Modeling is a challenging task, designed to lead to an understanding of the phenomenon being modeled. A good model for hybridization specificity should, on the one hand, incorporate all of the hybridization-specificity effectors (outlined above) that affect the hybridization results, such that a prediction of target molecule concentration can be obtained up to inherent measurement noise (44–46). On the other hand, modeling should avoid over-parameterization (47), i.e. the number of parameters should be large enough to represent effectors of the study process, but small enough to allow generalizations.

Multiple studies have modeled specificity effectors (13,34,36,44,47–63). However, these studies include only some of the specificity effectors, and examine only a certain level of specificity. In the following, we outline several of these studies as examples of evaluations of hybridization specificity by modeling.

Modeling specificity at the probe level

As already detailed, this first level of specificity underlies all other specificity levels. Hence, its modeling may lead to a better understanding of hybridization specificity. Many of the studies modeling specificity at this level include some of the specificity effectors, in different combinations, for modeling and quantification. None, however, include all effectors, from all different categories, for specificity quantification. Three example studies are presented here, demonstrating the modeling of effectors from different categories.

The Carlon and Heim (48) model combined two specificity effectors: the position of matching and mismatching between probe and target molecule and the molecular structures that may be formed during hybridization for a target molecule.

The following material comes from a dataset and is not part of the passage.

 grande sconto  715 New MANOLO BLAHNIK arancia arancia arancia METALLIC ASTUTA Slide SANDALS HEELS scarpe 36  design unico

They also included the stacking free energy of neighboring bases (all are effectors of the ‘sequence of probe and target molecule’ category). Their model had an advantage over others (50), in that it included the free-energy parameters of formation of RNA/DNA and RNA/RNA duplexes in solution, rather than DNA/DNA, for both perfect-match (PM) and mismatch (MM) probes (Box 1); hence, the model could potentially reflect, at least for expression arrays, hybridization between DNA probe and RNA target molecule or two RNA target molecules. Their model was able to quantify target molecule concentration.

Rather than considering two molecules (probe and target) in solution, Jayaraman et al.' s (13) study simulated the association between a single molecule attached to a hard surface and a single molecule in solution; the latter association could potentially represent microarray hybridization of a single probe and a single target molecule. Of the specificity effectors, they examined the length of the probe and the region of match or mismatch along the target and probe molecules (from the ‘sequence of probe and target molecule’ category), and were able to define effects of the examined effectors on hybridization specificity.

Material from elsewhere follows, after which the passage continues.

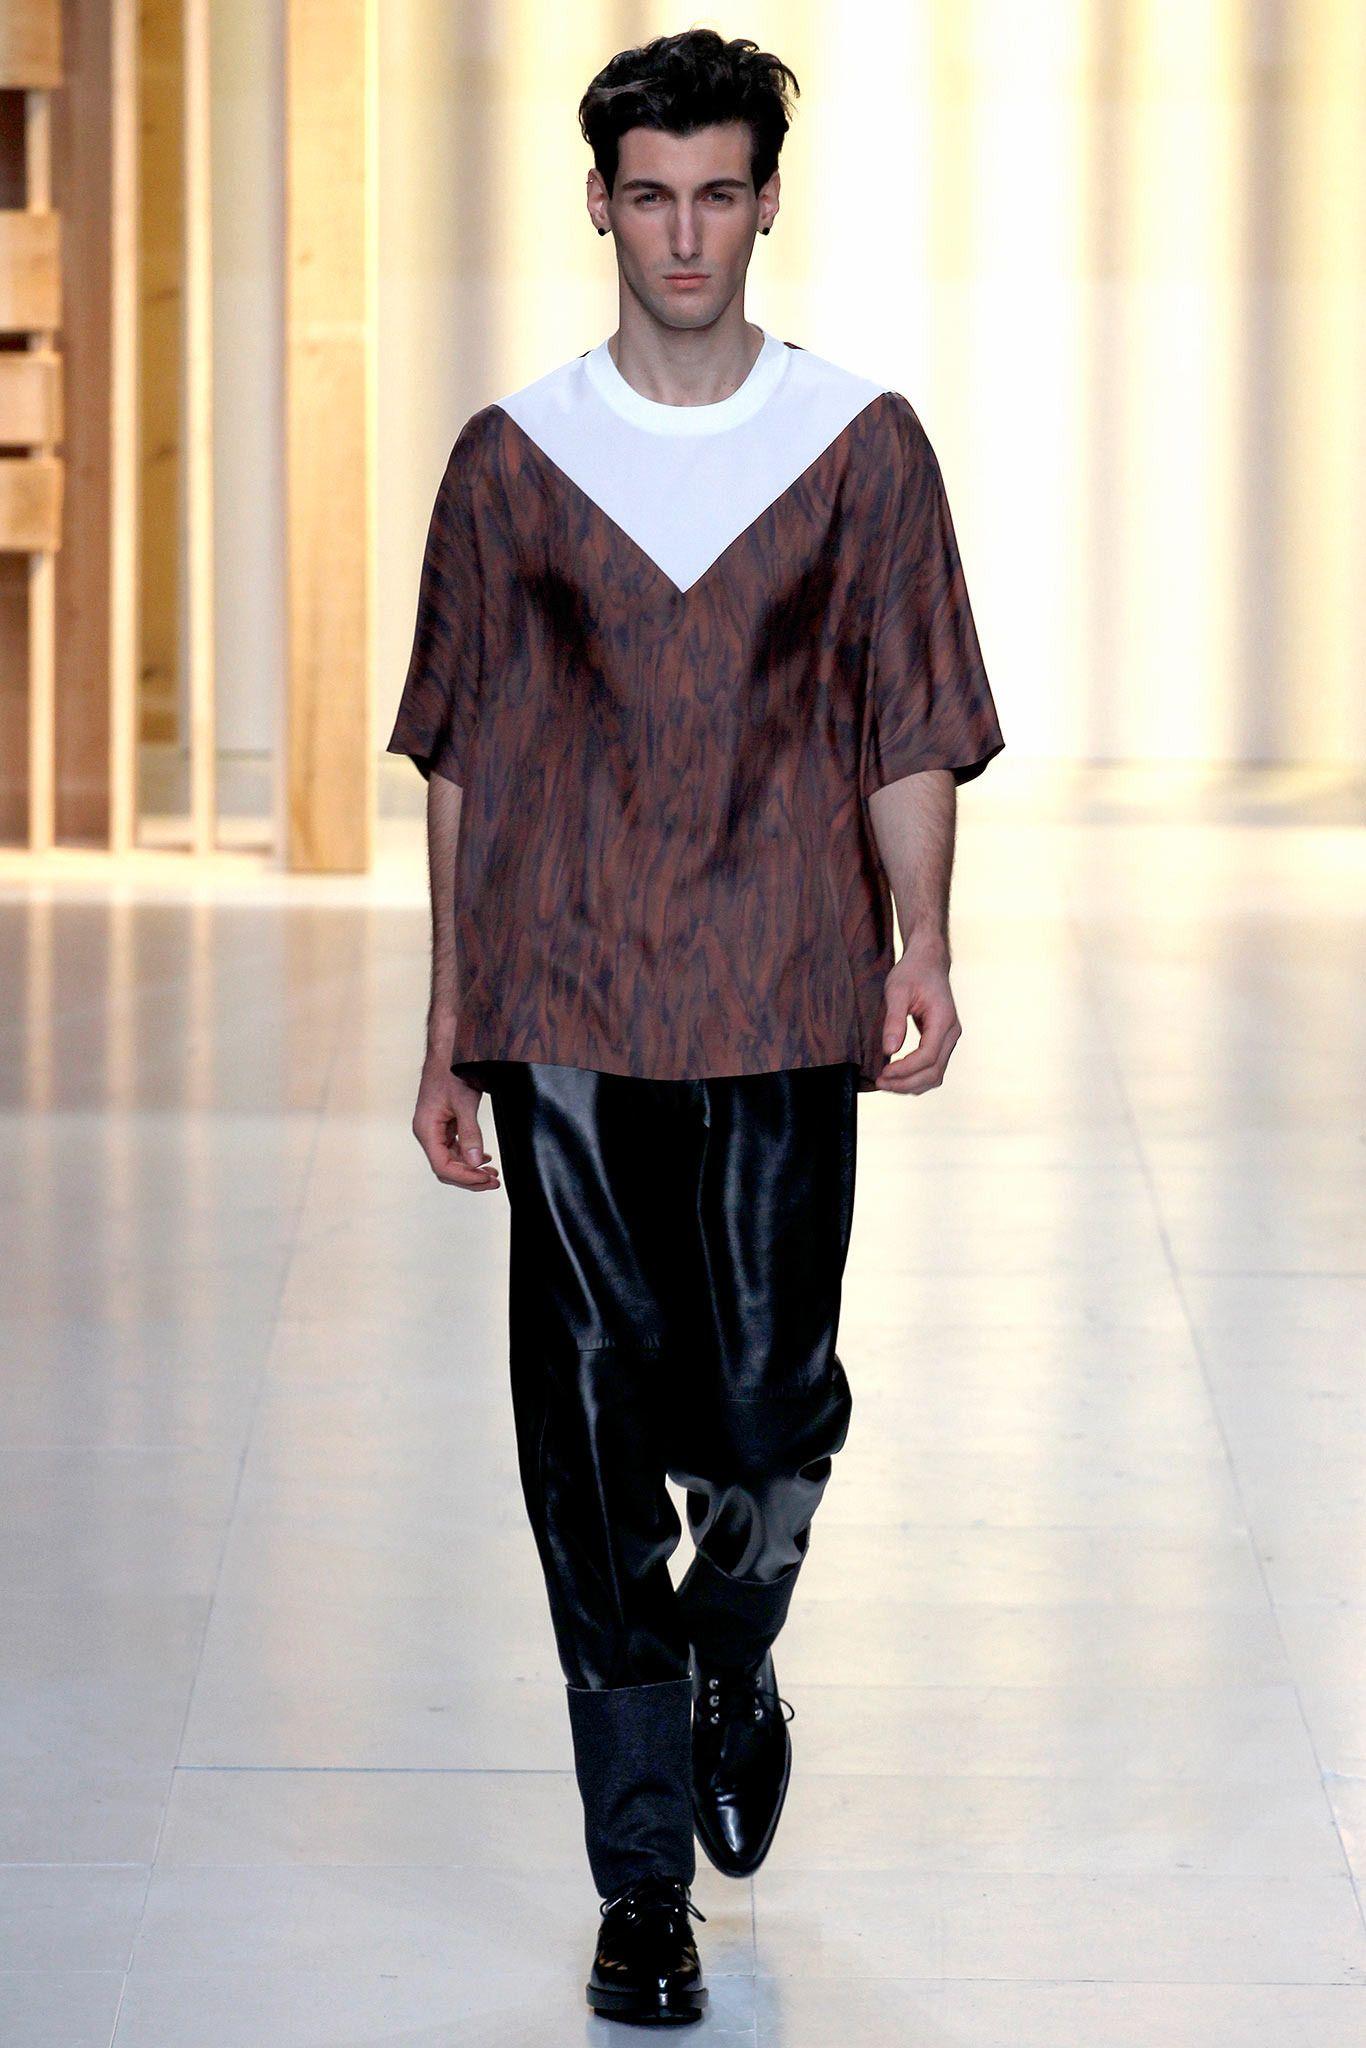 Fall 2014 Menswear - 3.1 Phillip Lim

The above models took into account only the parameters of the association, during hybridization, between probe and target molecules. In contrast, Held et al. (44) included in their model the kinetics of association of a probe and a target molecule during hybridization and the kinetics of dissociation of a probe and a target molecule during posthybridization washing, for accurate predictions of gene-expression results. Their model was able to predict target molecule concentrations.

Modeling specificity at the spot level

The probe-level models are based on signals that are usually detected at the spot level. Hence, these two levels of specificity, namely probe and spot, may not be easily separated. Nevertheless, to the best of our knowledge, no model of hybridization specificity has yet been developed especially for the spot level.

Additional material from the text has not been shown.